§ **PROBLEM TO SOLVE**
Transcribe exactly the lines from the one containing "RG Crossbone Gundam X1" through the end of the data, both included. Leave out pictures.

§ **DATA SHOWN**
-- Opening Marker --
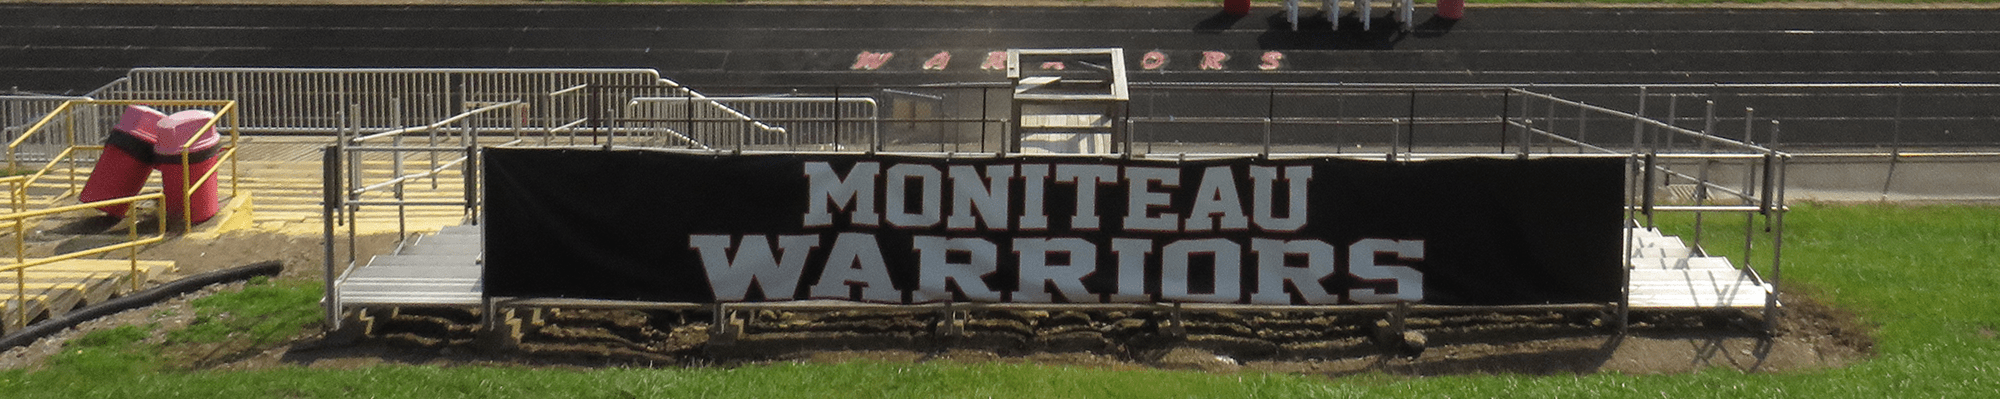 Moniteau Warriors sign at football field
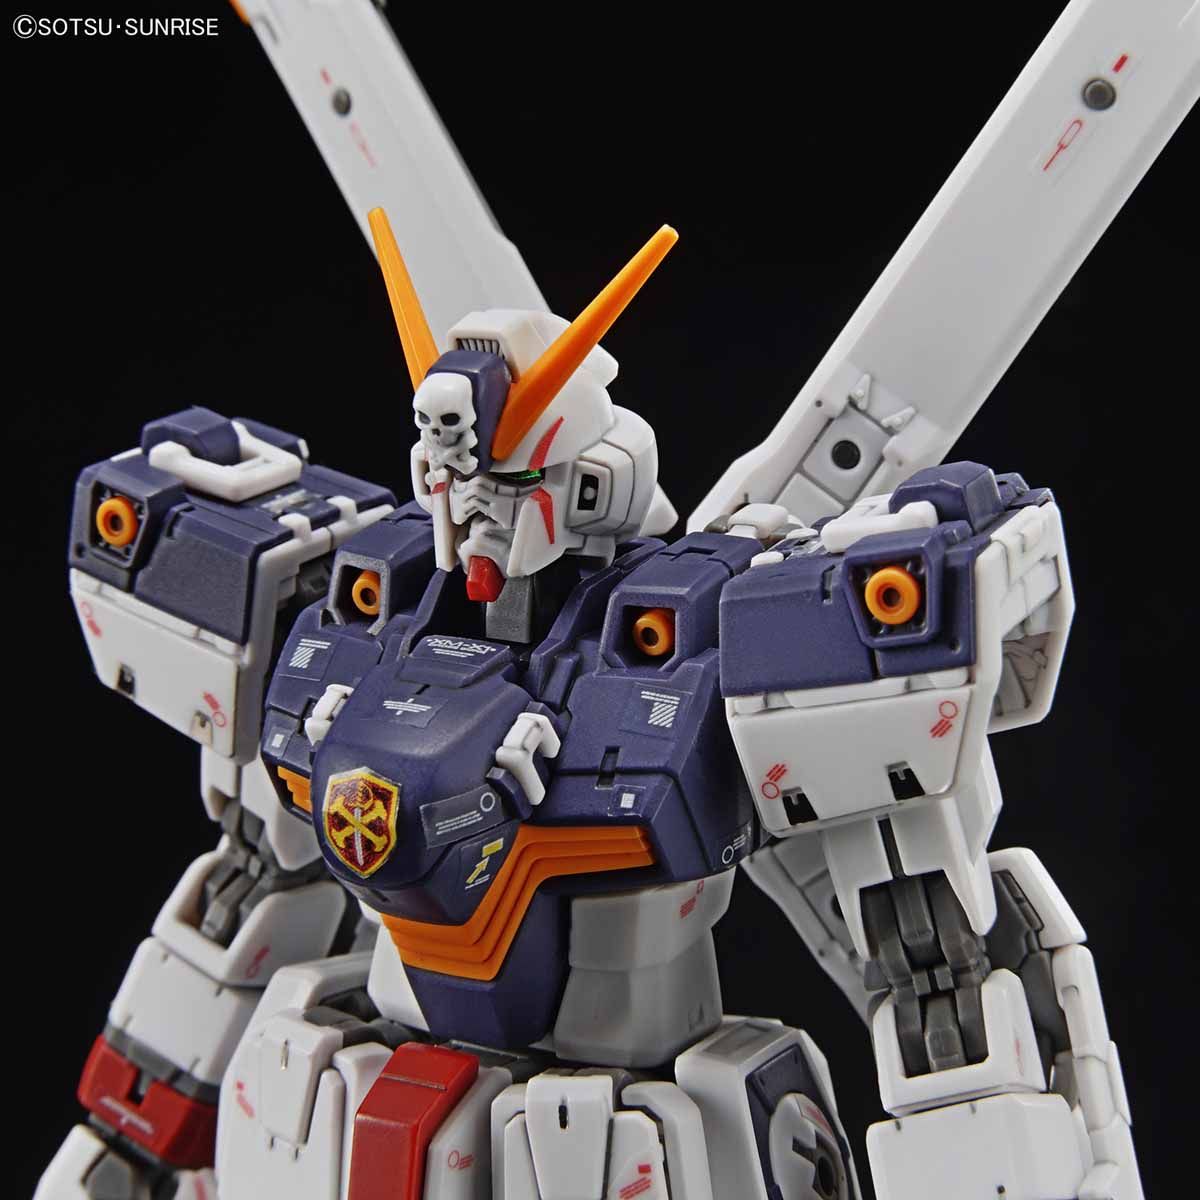 RG Crossbone Gundam X1
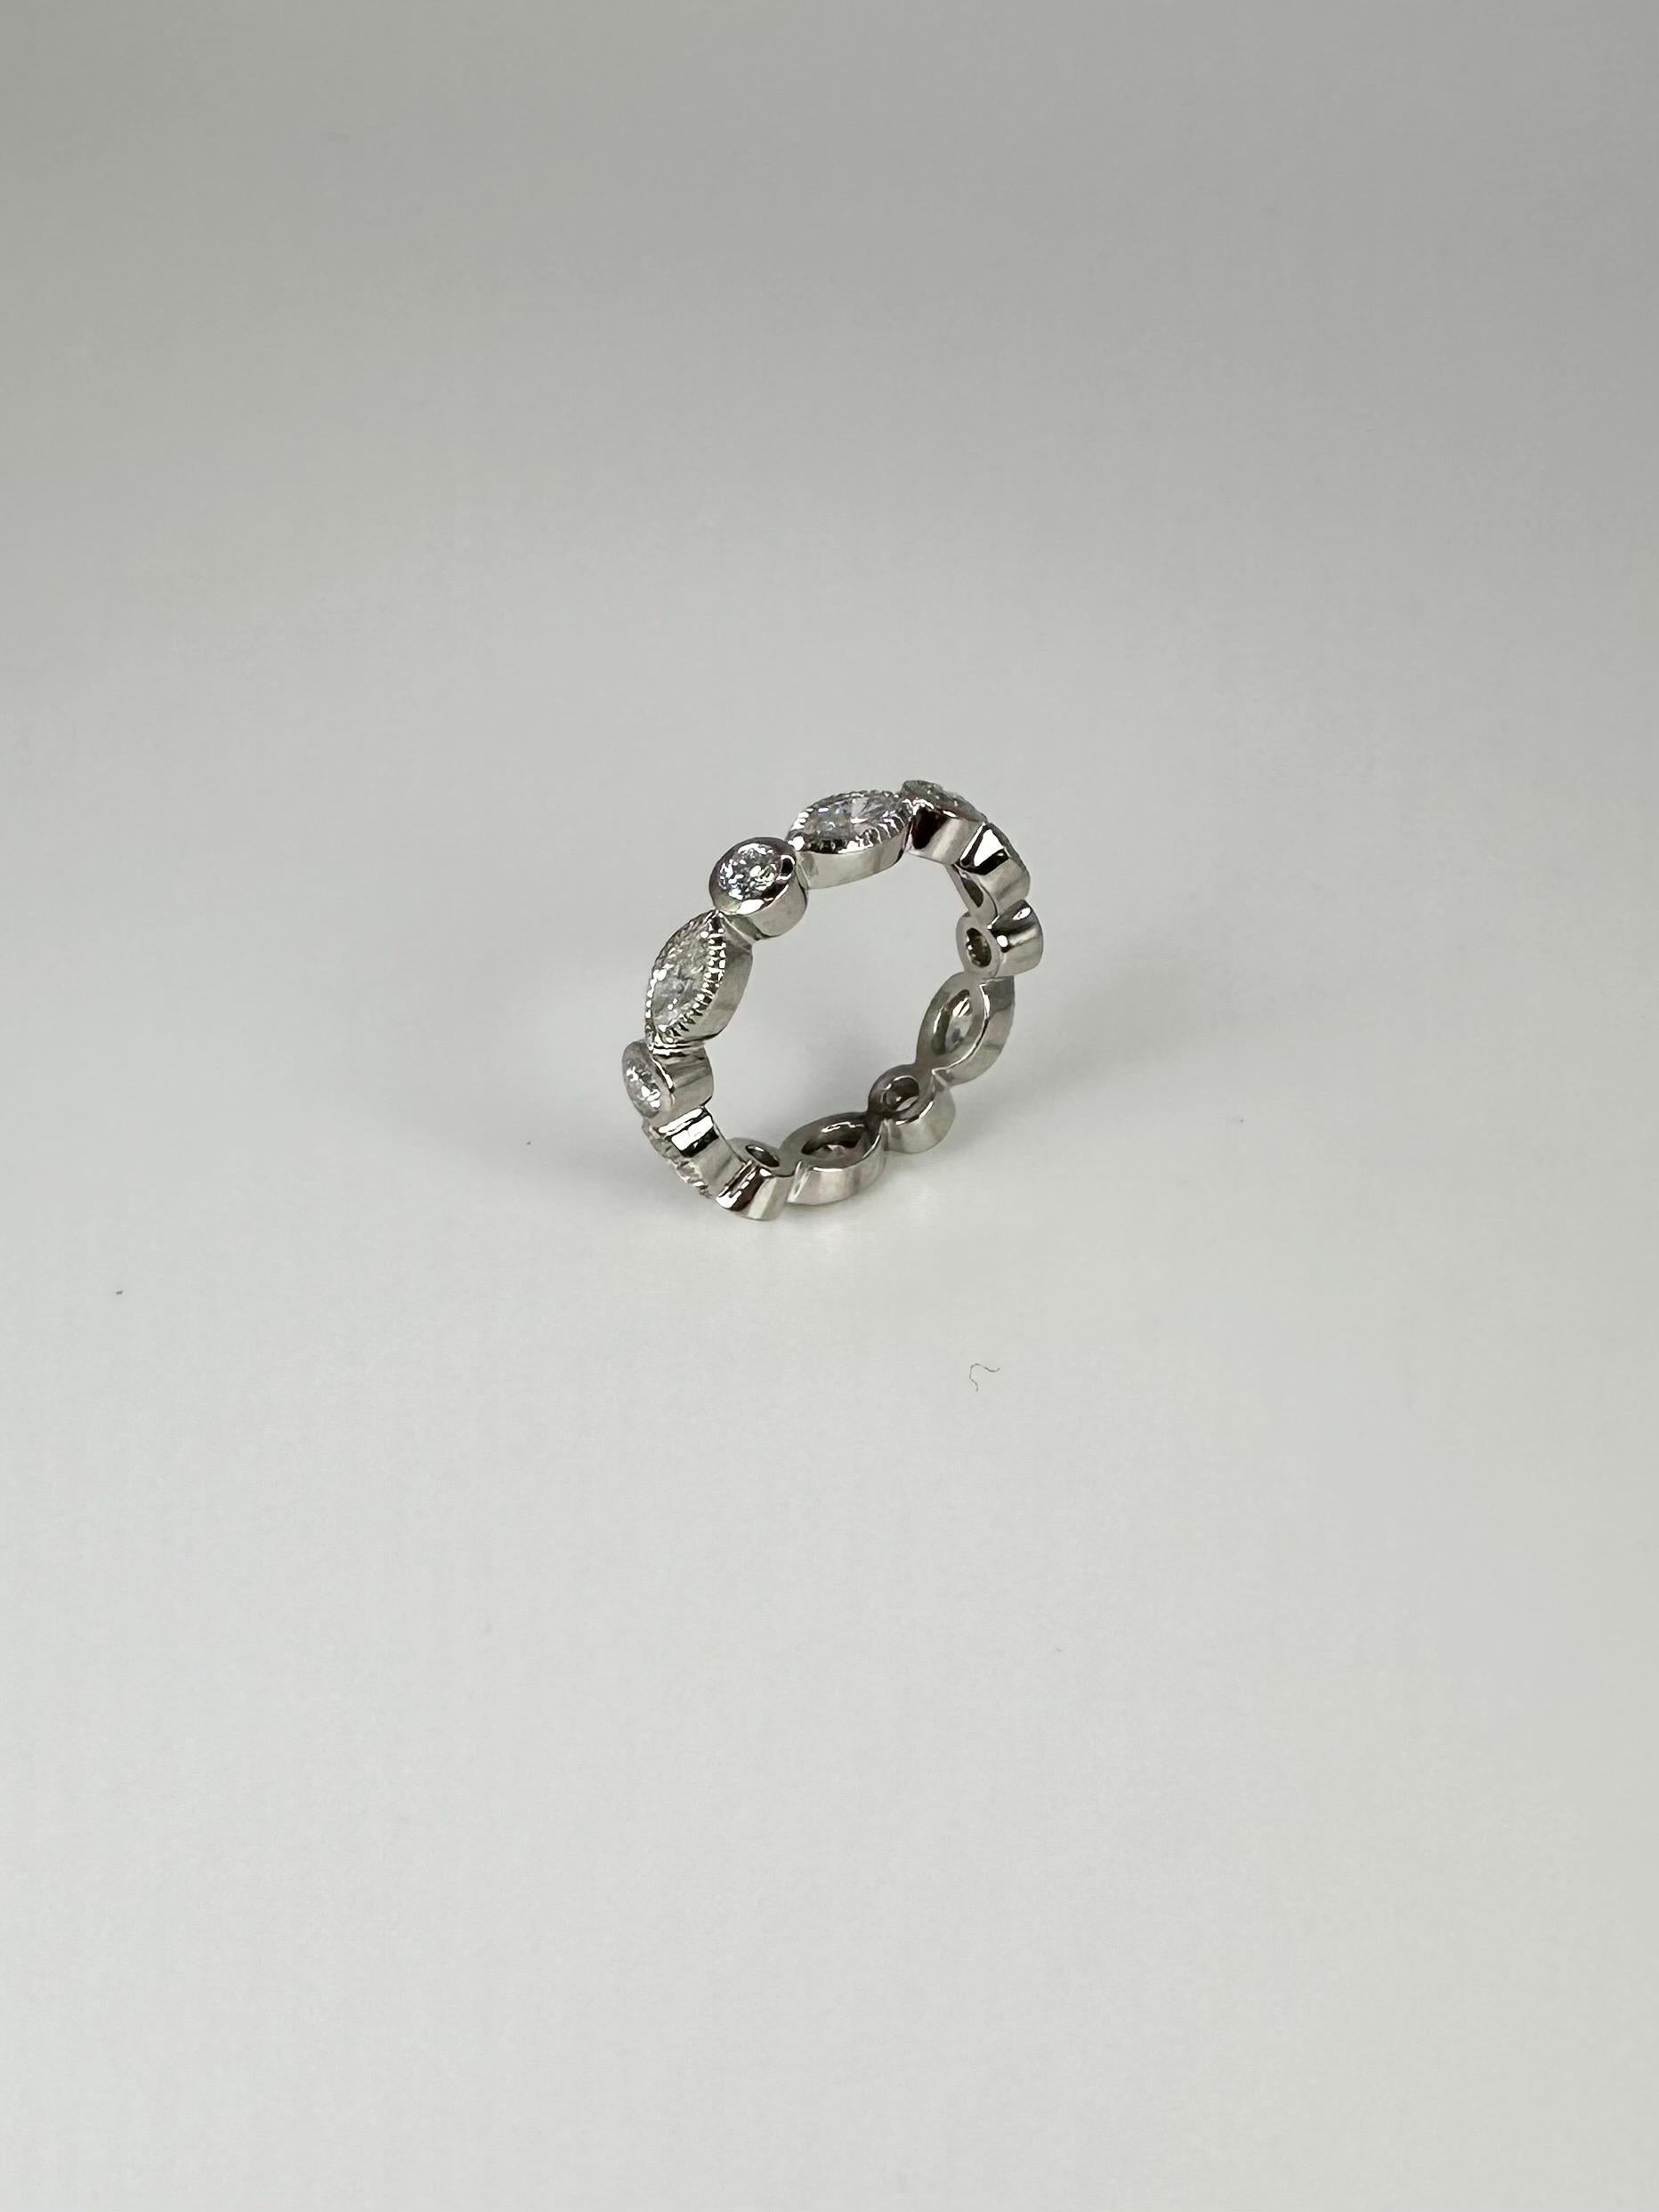 Marquise Diamond Eternity Ring Platinum Diamond Ring 1.7ct of Diamonds Large For Sale 1
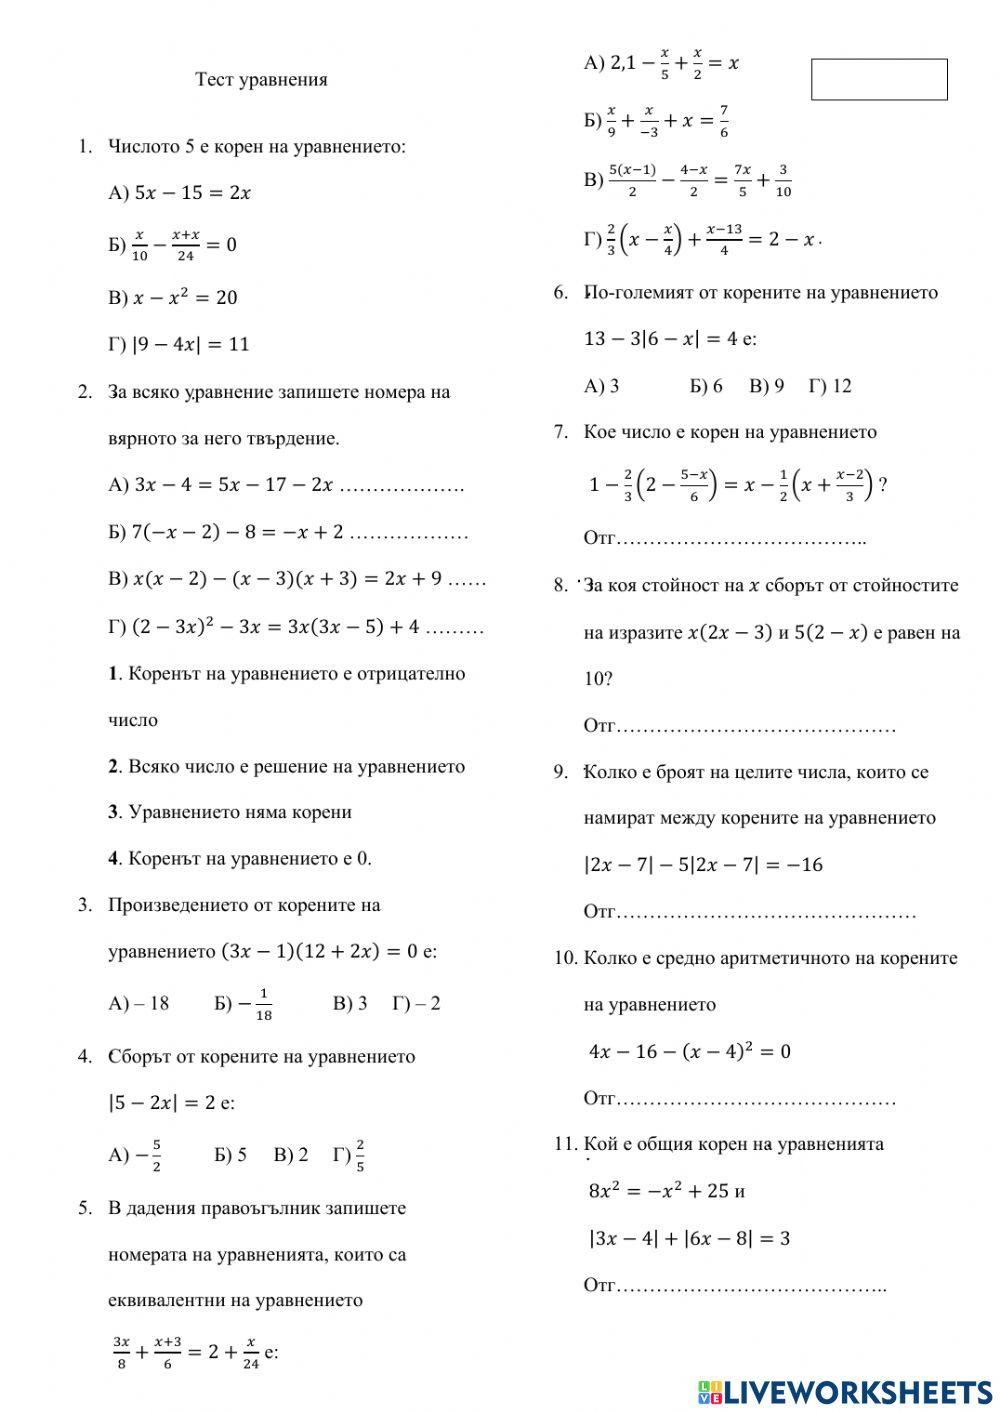 Тест уравнения 7 клас
-- Closing Marker --
§ **OUTPUT FOR THIS TASK**
 RG Crossbone Gundam X1
 Marquise Diamond Eternity Ring Platinum Diamond Ring 1.7ct of Diamonds Large For Sale 1
 Тест уравнения 7 клас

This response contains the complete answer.